I briefly talked about the important thing elements of Ray—Ray Information, Ray Practice, Ray Tune, Ray Serve, and Ray Core—emphasising that Ray Core is right for general-purpose CPU scaling.
I defined a few of the important ideas in Ray Core, equivalent to its introduction of duties (stateless parallel features), actors (stateful employees for shared state and coordination), and ObjectRefs (a future promise of a activity’s return worth)
To showcase some great benefits of utilizing Ray, I started with a easy CPU-intensive instance — counting prime numbers over a variety — and confirmed how working it on a single core could be gradual with a naive Python implementation.
As a substitute of rewriting the code in one other language or utilizing advanced multiprocessing libraries, Ray means that you can parallelise the workload in simply 4 easy steps and only a few additional traces of code:
- ray.init() to start out Ray
- Beautify your features with @ray.distant to show them into parallel duties
- .distant() to launch duties concurrently, and
- ray.get() to gather activity outcomes.
This method reduce the runtime of the prime-counting instance from ~30 seconds to ~3 seconds on a 24-core machine.

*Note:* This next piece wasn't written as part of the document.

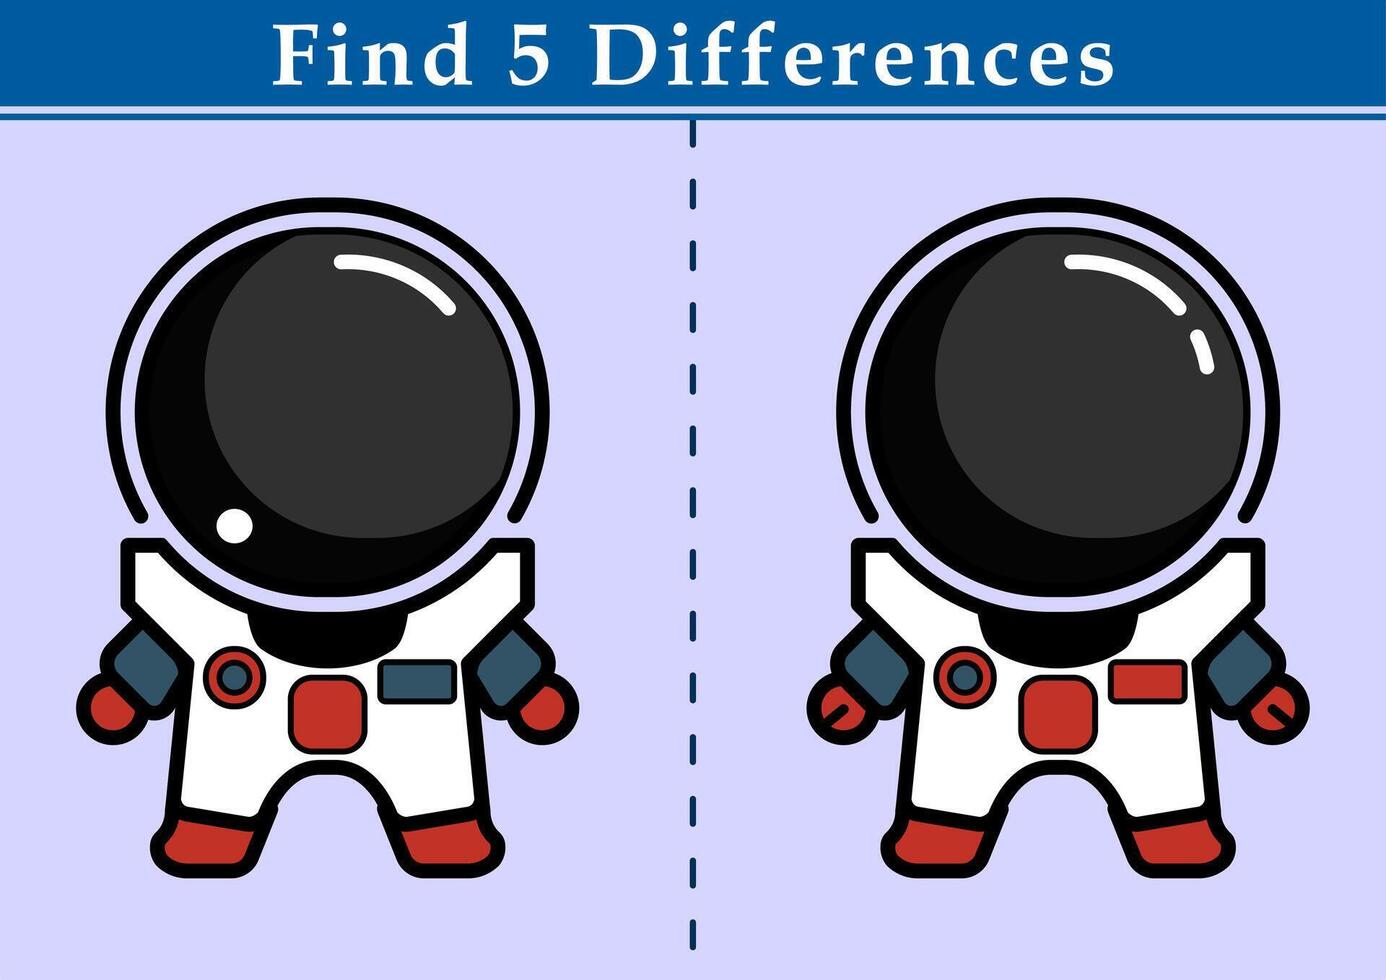 encontrar 5 5 diferencias educativo juego para niños. ilustración de dibujos animados el astronauta. educación hoja de cálculo imprimible a4 tamaño. vector

I additionally talked about how simple it’s to observe working jobs in Ray utilizing its built-in dashboard and confirmed entry it.
Lastly, I offered an instance of utilizing a Ray Actor by exhibiting why international variables aren’t appropriate for coordinating throughout duties, since every employee has its personal reminiscence house.
Within the second a part of this sequence, we’ll see take issues to a different degree by enabling Ray jobs to make use of much more CPU energy as we scale to massive multi-node servers within the cloud through Amazon Internet Companies.